ただし、入管法第19条の2第2項により、企業が外国人にこの証明書の提出を強制したり、提示しないことを理由に不利益な扱いをしたりすることは禁止されている点には注意が必要です。
第4章:就労資格証明書の申請方法と必要書類
就労資格証明書は、以下の手順と書類で申請を行います。
【申請できる人】
外国人本人のほか、勤務先の職員、あるいは申請取次の承認を受けている弁護士や行政書士などが申請を行うことができます。
【主な必要書類】
単なる身分証明ではなく「転職先の業務との適合性」を審査するため、多くの書類が求められます。
- 申請書、
- 在留カード、
- パスポート
- 転職前の会社が発行する源泉徴収票や退職証明書
- 転職後の会社の法人登記簿謄本や直近の決算書の写し
- 雇用契約書や採用通知書の写し
- 本人による転職理由書
【審査期間】
審査期間については、転職を伴う内容確認が必要となるため、申請から交付までおおむね1〜3か月程度かかります。
第5章:【最重要】申請タイミングに関する戦略的注意点
就労資格証明書は非常に便利な制度ですが、現在のビザの「在留期限」によっては注意が必要です。
前述の通り、転職を伴う就労資格証明書の交付には1〜3か月を要します。
もし、あなたの在留期限の残りが3か月を切っているようなタイミングで申請してしまうと、証明書の審査を待っている間にビザの期限が切れてしまい、手続きがムダになるばかりかオーバーステイのリスクすら生じます。
したがって、在留期限に十分な余裕がある(半年以上など)場合は「就労資格証明書の交付申請」を行い、在留期限がすでに迫っている(残り3か月未満など)場合は、証明書を飛ばして直接「在留期間更新許可の申請」を行うというように、状況に応じた戦略の使い分けが極めて重要です。
まとめ:転職は「採用されたら終わり」ではありません
外国人の方の転職活動は、新しい会社から内定をもらって終わりではありません。

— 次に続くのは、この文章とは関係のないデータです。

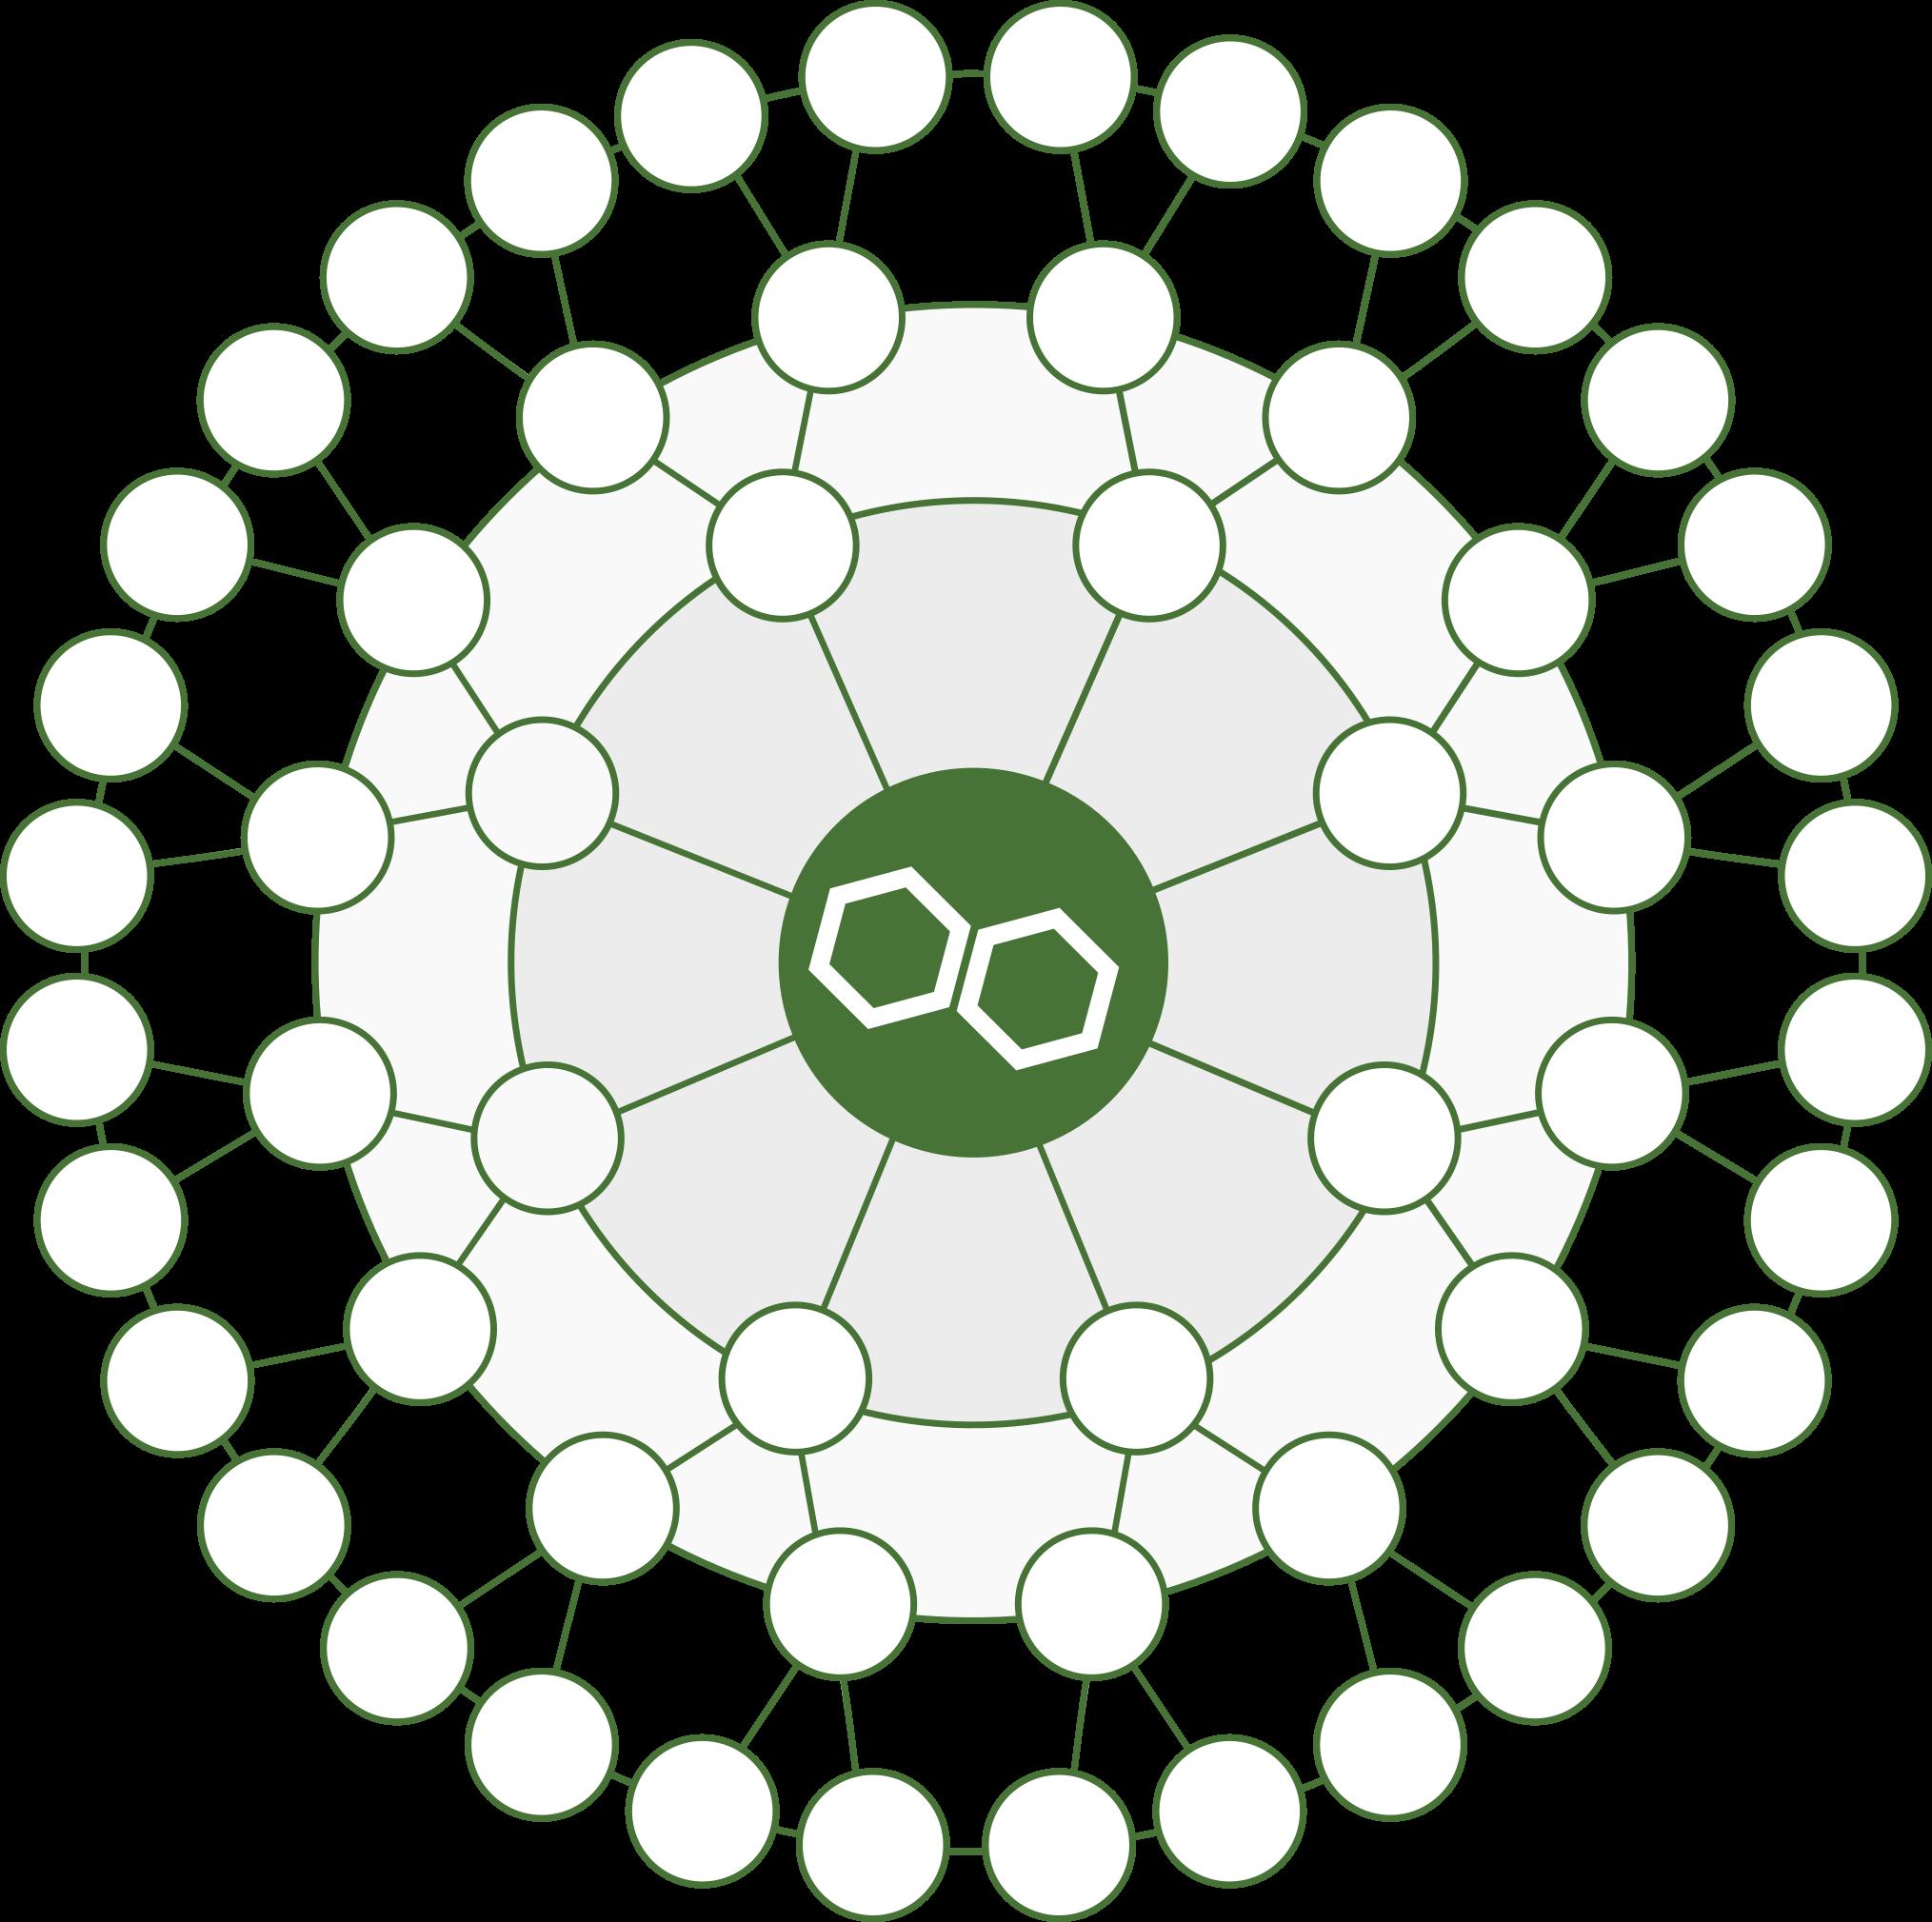 Small Molecules image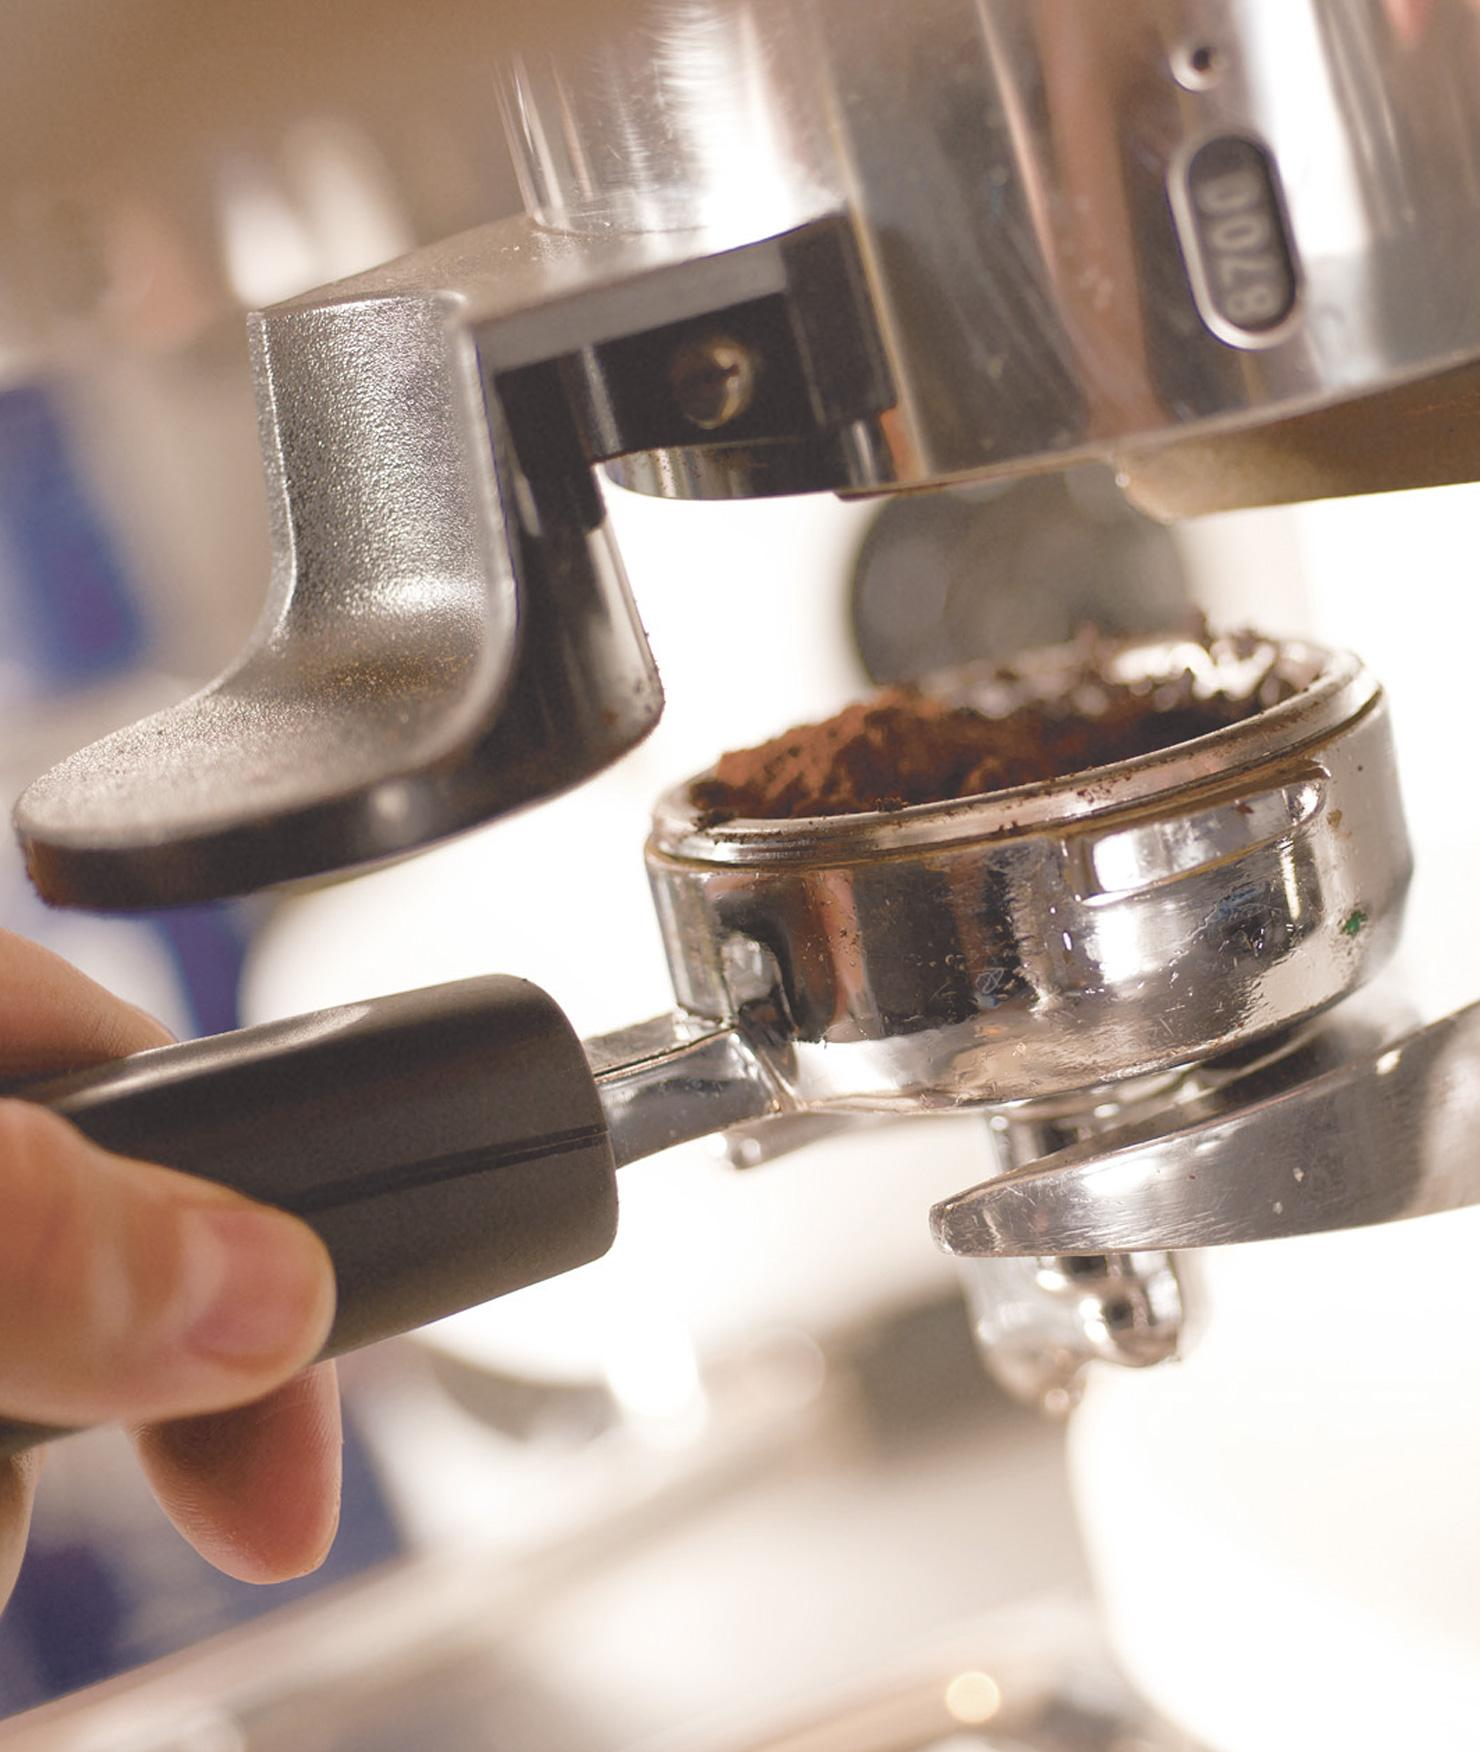 Filtro BRITA PURITY Quell ST haciendo café detalle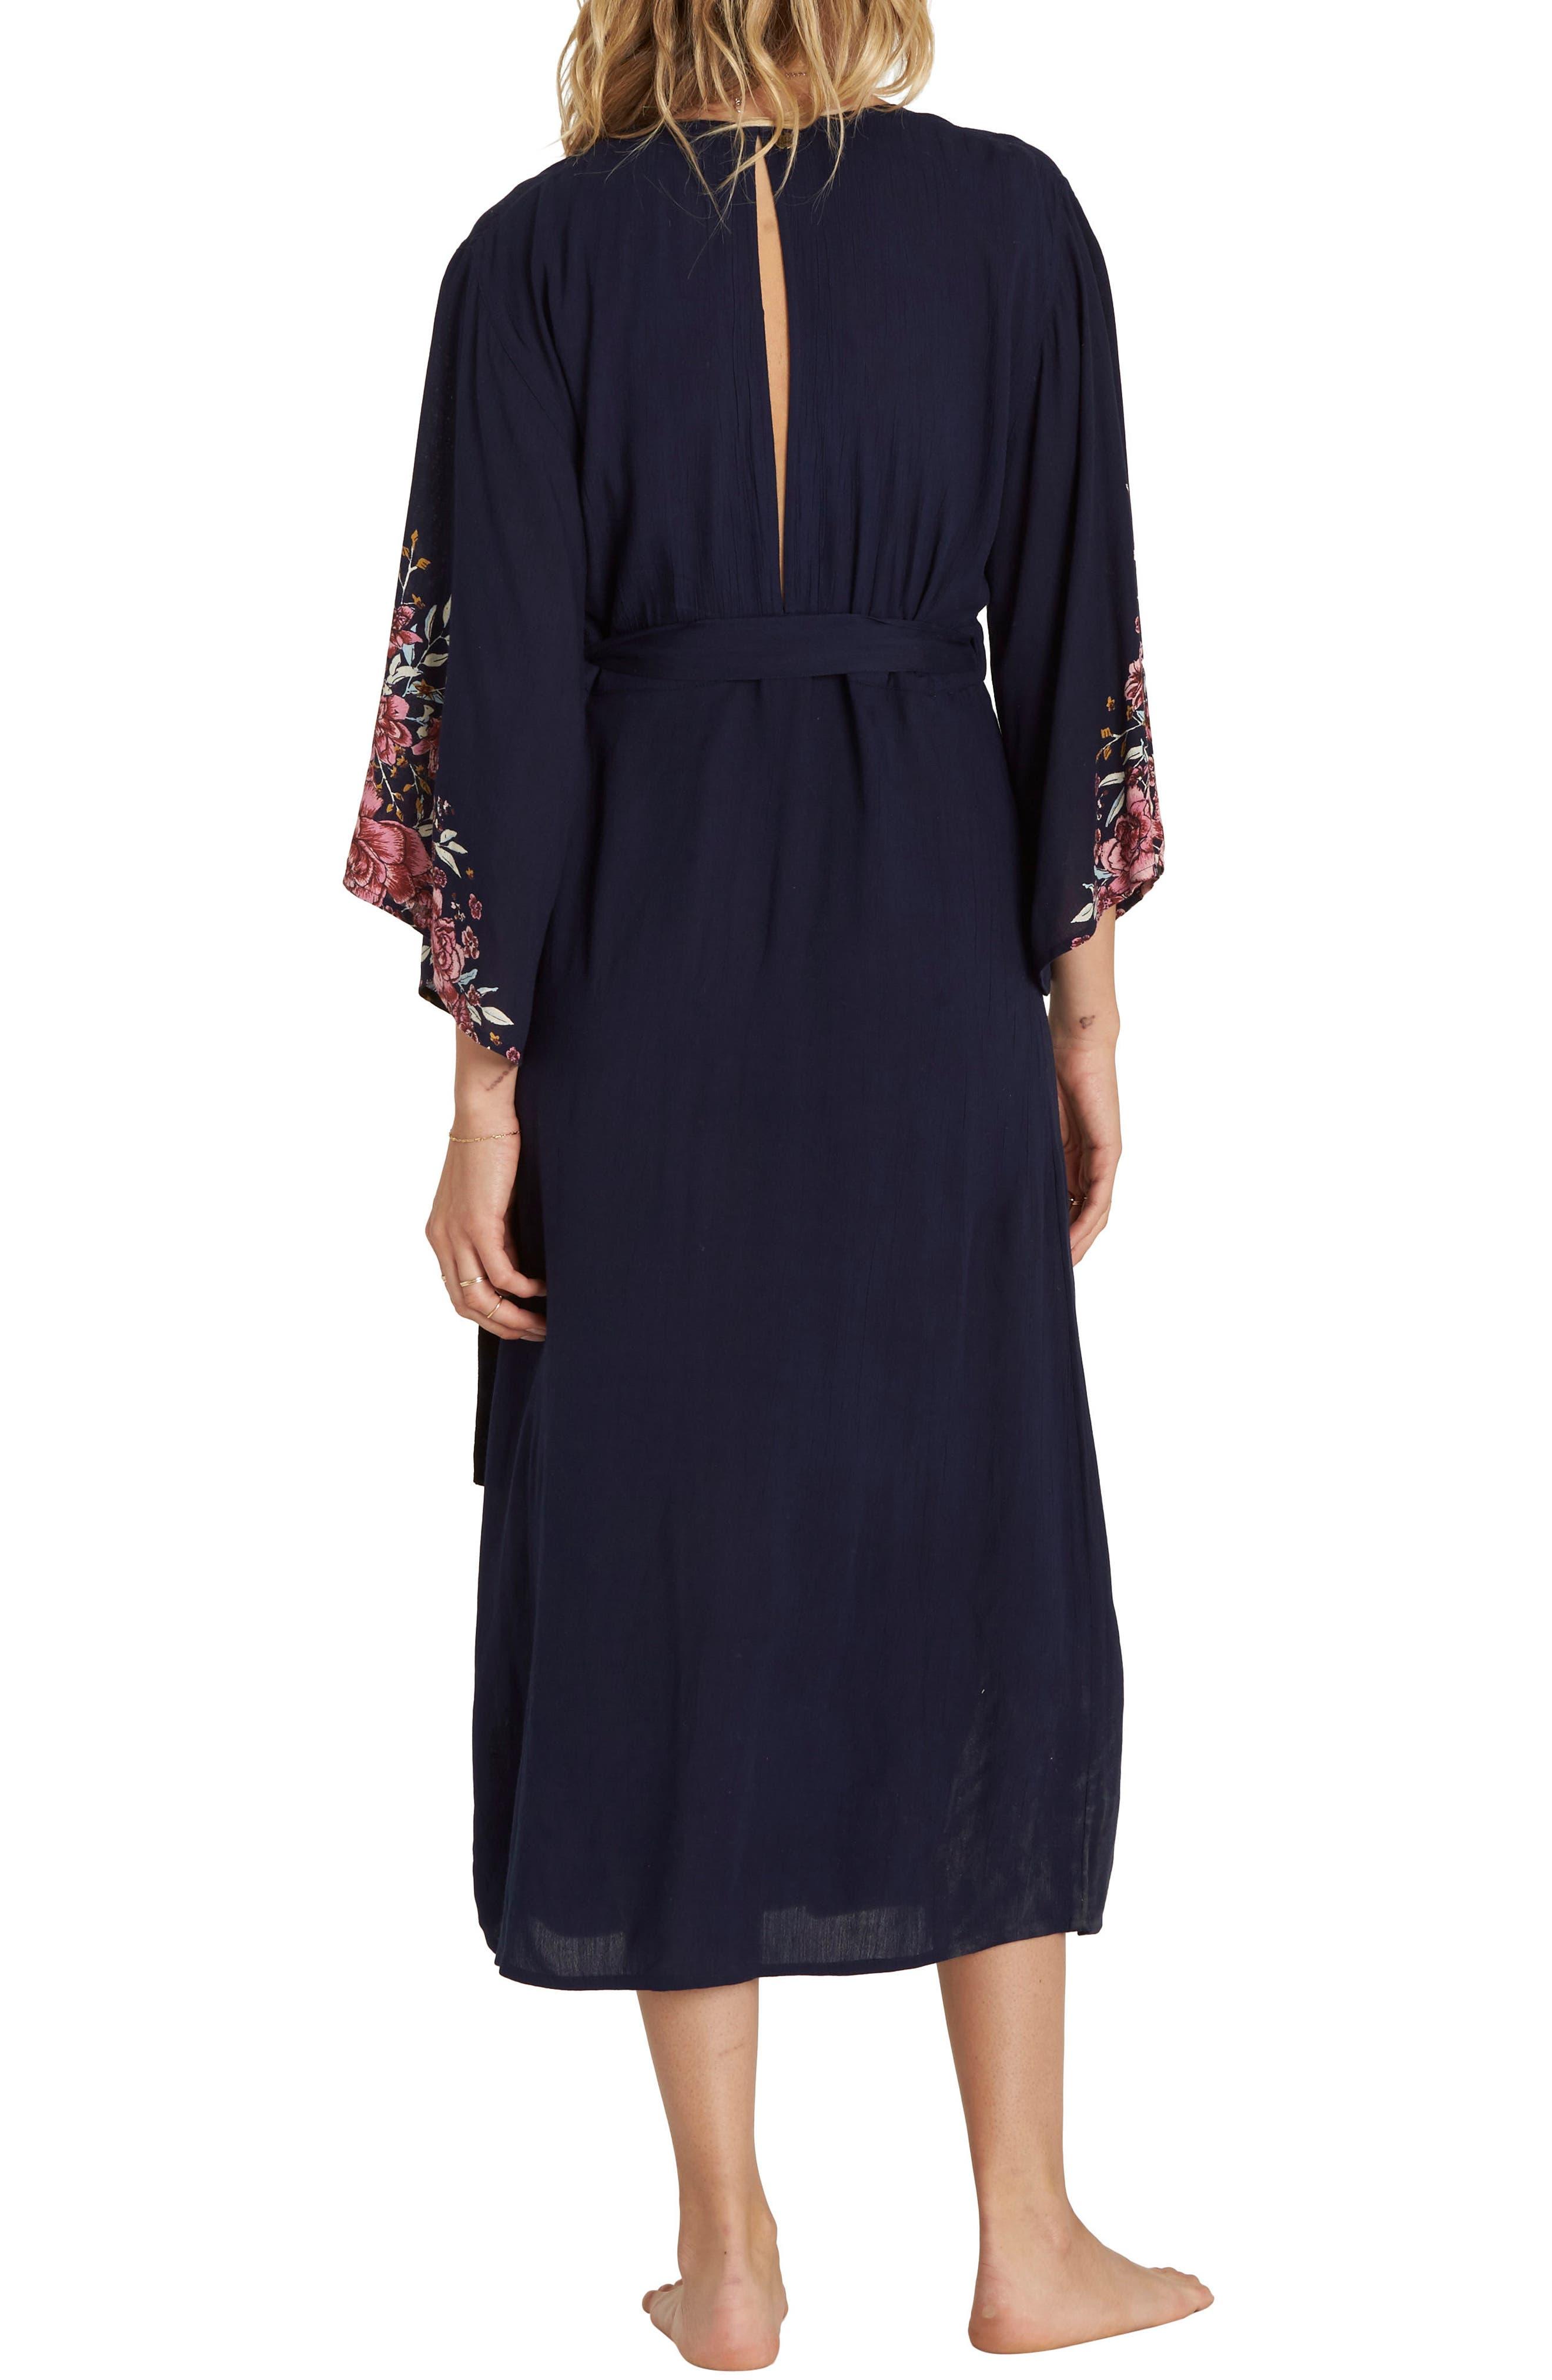 Robe Life Midi Dress,                             Alternate thumbnail 2, color,                             Deep Sea

ご自身のビザを守るための「入管への届出」や「就労資格証明書を活用した業務内容の適合性確認」こそが、その後の日本での安定したキャリアを左右します。
「今度転職する予定だが、自分のビザで新しい会社の仕事ができるか確認してほしい」 「すでに転職してしまったが、入管への手続きを何もしておらず、次回の更新が不安だ」 「残りの在留期間を考えると、どちらの手続きをすべきか迷っている」
このようなお悩みをお持ちの外国人ご本人様や、中途採用を行う企業の人事担当者様は、トラブルが起きてからではなく、ぜひお早めにビザ申請のプロである当行政書士事務所にご相談ください。あなたの状況に最適な手続きを的確にアドバイス・サポートいたします。